ARS | Publication request: Genetic Variability in Multi-Drug Resistant Salmonella Newport Associated with Dairy Cattle and S. Kentucky Associated with Poultry

Submitted to: American Society for Microbiology
Publication Type: Abstract Only
Publication Acceptance Date: May 23, 2010
Publication Date: May 23, 2010
Citation: Turpin, J.B., Cray, P.J., Frye, J.G. 2010. Genetic Variability in Multi-Drug Resistant Salmonella Newport Associated with Dairy Cattle and S. Kentucky Associated with Poultry. American Society for Microbiology. May 23-27, 2010. San Diego, CA. CD ROM. Z-973.

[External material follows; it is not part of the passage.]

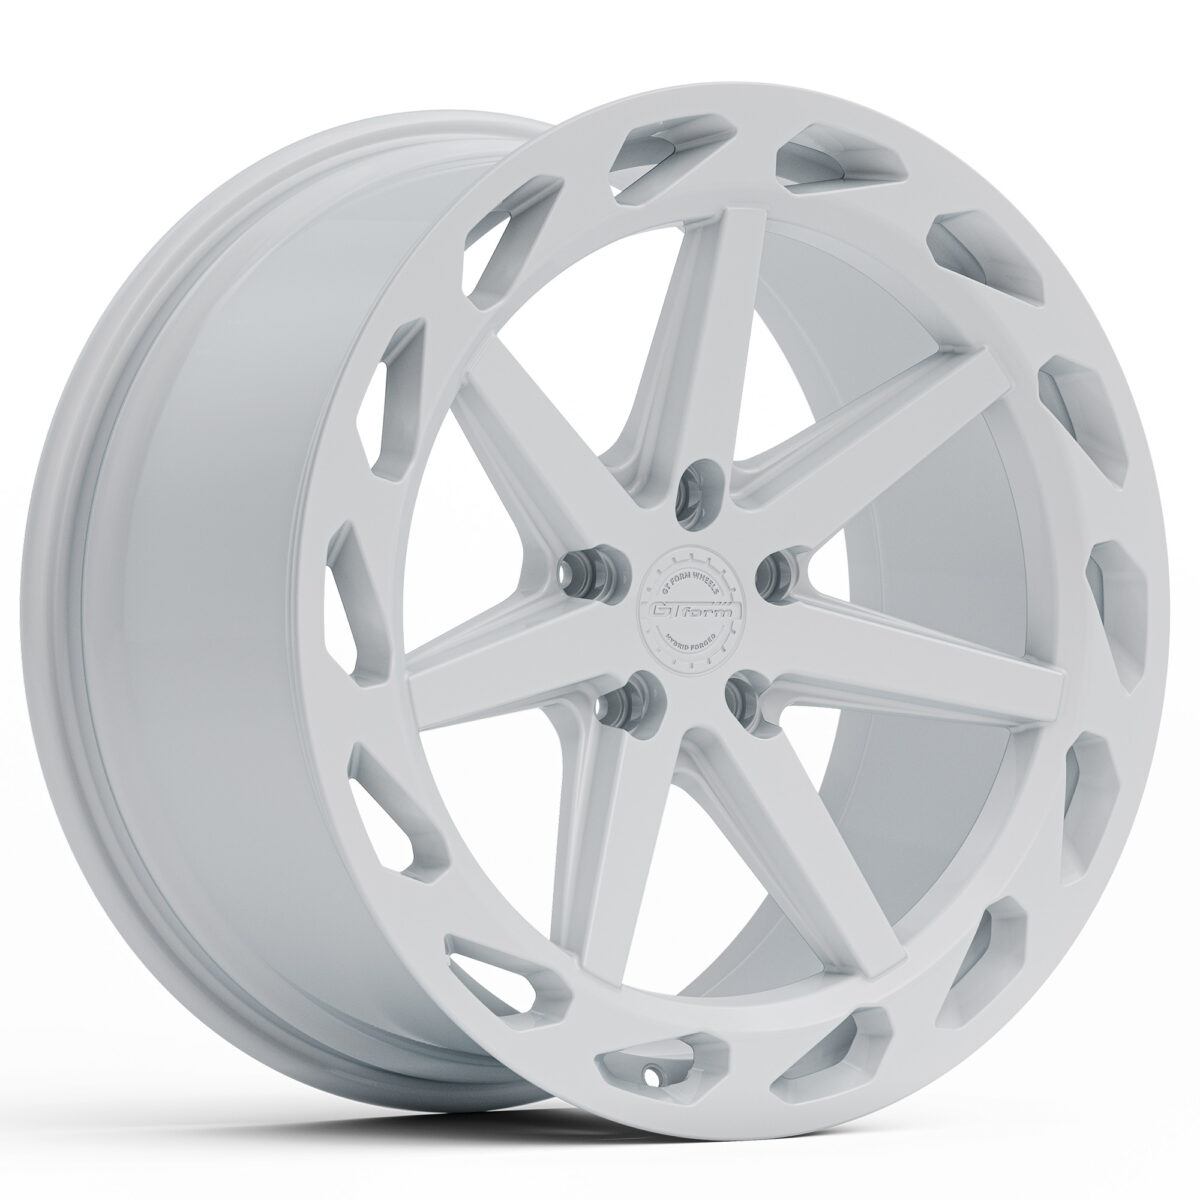 PERFORMANCE WHEELS GT FORM HF4.1 HYBRID FORGED GLOSS WHITE 20X9 20X10 20X11 STAGGERED RIMS

Technical Abstract: Background: Differences in pathogenesis and ecological niches make Salmonella Newport and S. Kentucky candidates for the study of genetic variability. S. Kentucky is the top serotype isolated from broilers; however it is infrequently associated with human illness. In contrast, S. Newport is both a top serotype isolated from cattle and also causes human illness. Materials and Methods: Salmonella Newport (n=25) and S. Kentucky isolates (n=10) were selected from the National Antimicrobial Resistance Monitoring System to represent the highest genetic diversity possible as determined by PFGE analysis. DNA was extracted and subjected to comparative genomic hybridizations (CGH) using standard methods to a non-redundant Salmonella whole genome array representing six sequenced Salmonella isolates (Typhimurium LT2, Typhimurium SL1344, Typhi strain CT18, Typhi Ty2, Paratyphi A SARB42 and S. Enteritidis PT4). Hybridization results of the 5,660 genes on the array were analyzed by Bionumerics (V 6.0, Applied Maths Austin, TX, USA). Data from CGH experiments and the published genomes of S. Newport and Kentucky (NCBI database) were compared using MAUVE (The University of Wisconsin-Madison, Madison, WI, USA). Results: CGH of S. Newport revealed high genomic similarity within MDR strains consistent with previous findings. Analysis of sequences in the NCBI database also identified genes unique to S. Newport (n=100) and Kentucky (n=177). Genetic comparisons identified differences between Kentucky and Newport including genes involved in metabolic function (n=32), cell motility (n=11), cell wall biosynthesis (n=15), cellular metal ion homeostasis (n=20), DNA replication, recombination, and repair (n=31), phage (n=39), and hypothetical proteins (n=195). Conclusion: Genes unique to S. Newport and Kentucky were identified as well as differences in gene content between them. Unique genes identified in these serotypes may contribute to the different niches S. Newport and S. Kentucky reside in, including S. Newport’s ability to colonize humans and S. Kentucky’s ability to persist in the poultry environment.